Hopefully this unblocks us :)
(Note that I haven't switched us to mlog
until that package can be used seamlessly across the RPC boundary like we can do for logrus.)
@crspeller / @trilopin, I've fixed the build issues -- my upgrade of the plugin-api brought in the "new" EnsureBot
and triggered https://community.mattermost.com/core/pl/9c8txjwkytdczc6kw8ngggyour. Fixed by making the OwnerId
explicit for now.
@srkgupta, are the the security messages here just false positives again? What we can do to fix this from happening? I'm worried about all the future logging messages...
@srkgupta, are the the security messages here just false positives again? What we can do to fix this from happening? I'm worried about all the future logging messages...
Hi @lieut-data
My apologies. Somehow this missed my attention before. I have taken a look at the new alerts and have dismissed them as Won't Fix (Not Affected). Unfortunately we need to manually review these alerts and ensure that we aren't accidentally leaking sensitive credentials in the logs (or) directly logging user controlled inputs without proper sanitisation.

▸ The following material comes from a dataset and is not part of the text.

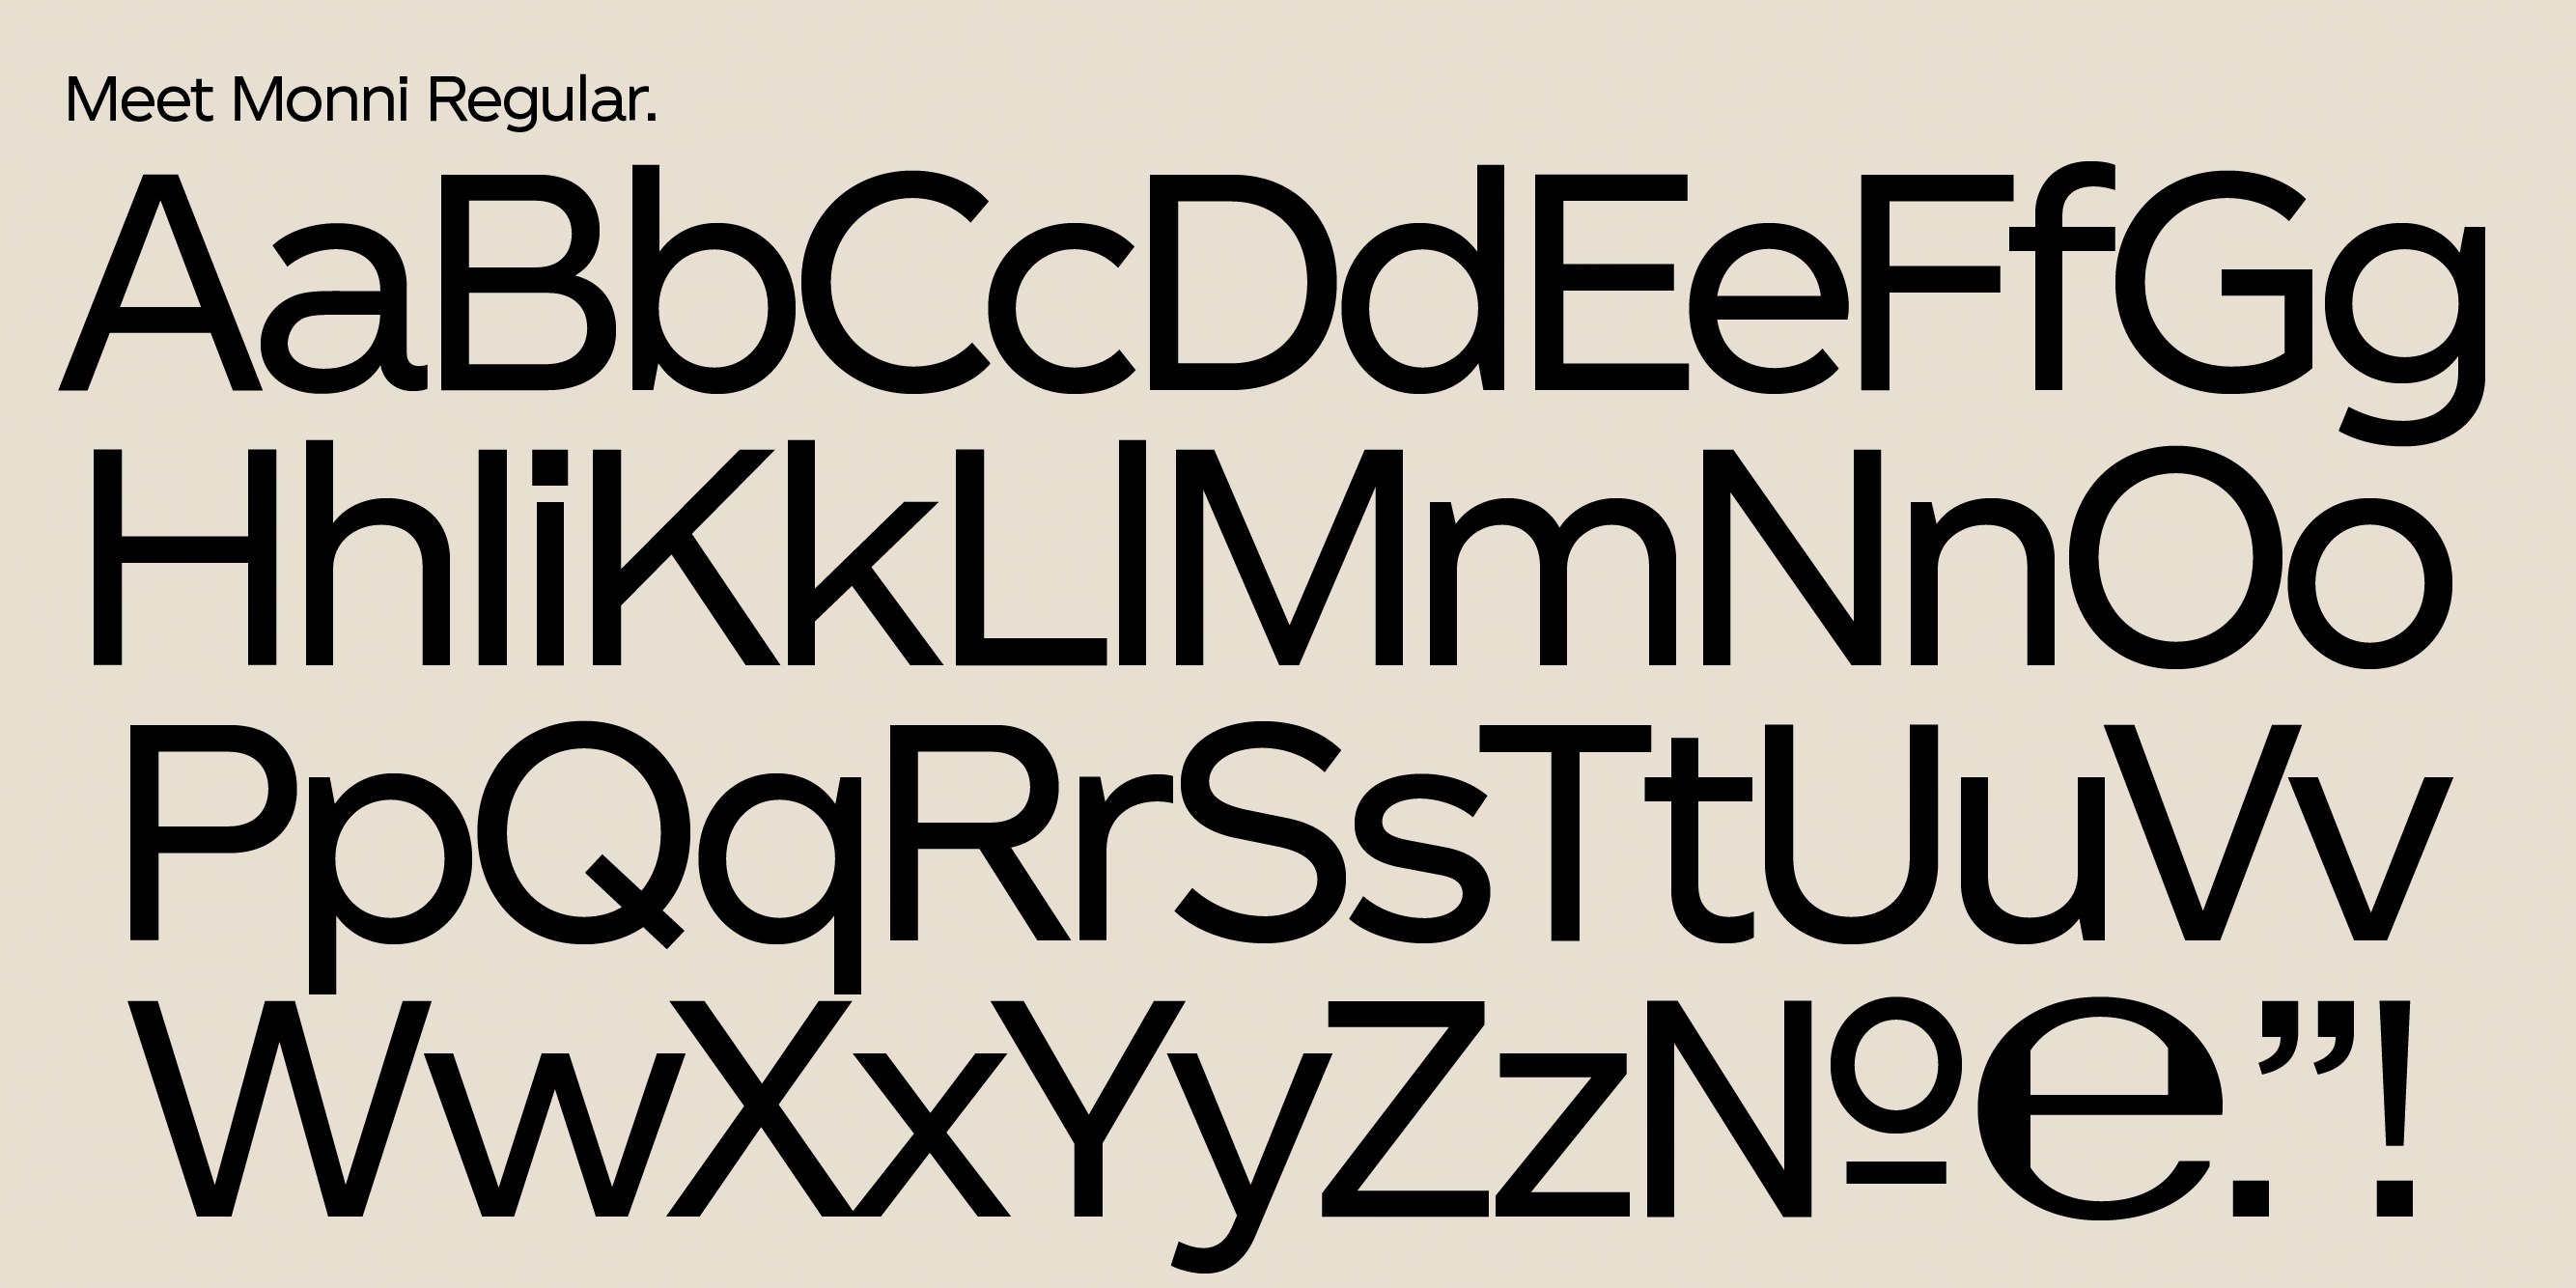 Monni Designer Font glyphs

I have added a follow-up task for this and will pick this up and check how we can reduce such false positives.
Thanks
Thanks, @srkgupta! What's weird is that we've been logging all along without these warnings showing up in code reviews, and now that we're using logrus, CodeQL's automated checks seem to "discover" these logs. That makes me think all our existing logging in other applications is probably just getting ignored. Would we consider disabling these checks for now until they can catch all types of logs consistently? Otherwise, CodeQL may become very noisy in all subsequent PRs for Playbooks after this PR is merged.
@lieut-data these alerts are triggered because of the new related changes done in the PR and the alerts are only triggered once. Once these alerts are analyzed and dismissed, they will not be re-triggered again in the subsequent PRs unless there are additional similar code changes. This is applicable for other repos too. We had already analysed all the previous alerts and have taken appropriate actions.
Once these alerts are analyzed and dismissed, they will not be re-triggered again in the subsequent PRs unless there are additional similar code changes.
Thanks, @srkgupta! So, just to confirm, will new log messages trigger alerts in new PRs?
will new log messages trigger alerts in new PRs?
As long as they are some how directly logging a user controlled input as is, yes they will trigger new alert.
Thanks, @srkgupta! To explore this further, I created https://github.com/mattermost/mattermost-plugin-playbooks/pull/1465 using the existing logging infrastructure and referencing a user-controlled input that triggered a warning in the same way as this PR: https://github.com/mattermost/mattermost-plugin-playbooks/pull/1271/files#diff-6e3ba3ce59f140effc0a4e689feb56b2d7eb2f14529117cc7e20474962095028R296, but CodeQL did not generate a warning there.
@gbochora, I'd love to get this merged after we cut v7.3 final. Would you be able to take a look at the approach here? It's already been partially reviewed, but we just want that extra confidence to avoid churn later on :)
Thanks, @srkgupta! To explore this further, I created #1465 using the existing logging infrastructure and referencing a user-controlled input that triggered a warning in the same way as this PR: https://github.com/mattermost/mattermost-plugin-playbooks/pull/1271/files#diff-6e3ba3ce59f140effc0a4e689feb56b2d7eb2f14529117cc7e20474962095028R296, but CodeQL did not generate a warning there.
Got it. Thanks for the explanation @lieut-data. I might have to dig deep dive into the CodeQL tool to understand when & how such alerts are triggered. I will take this up along with the task and investigate this in detail. Meanwhile this PR can be merged as there are no open CodeQL alerts. Thanks.
@gbochora, I'd love to get this merged after we cut v7.3 final. Would you be able to take a look at the approach here? It's already been partially reviewed, but we just want that extra confidence to avoid churn later on :)
Sure, I'm in the process of review and will finish today.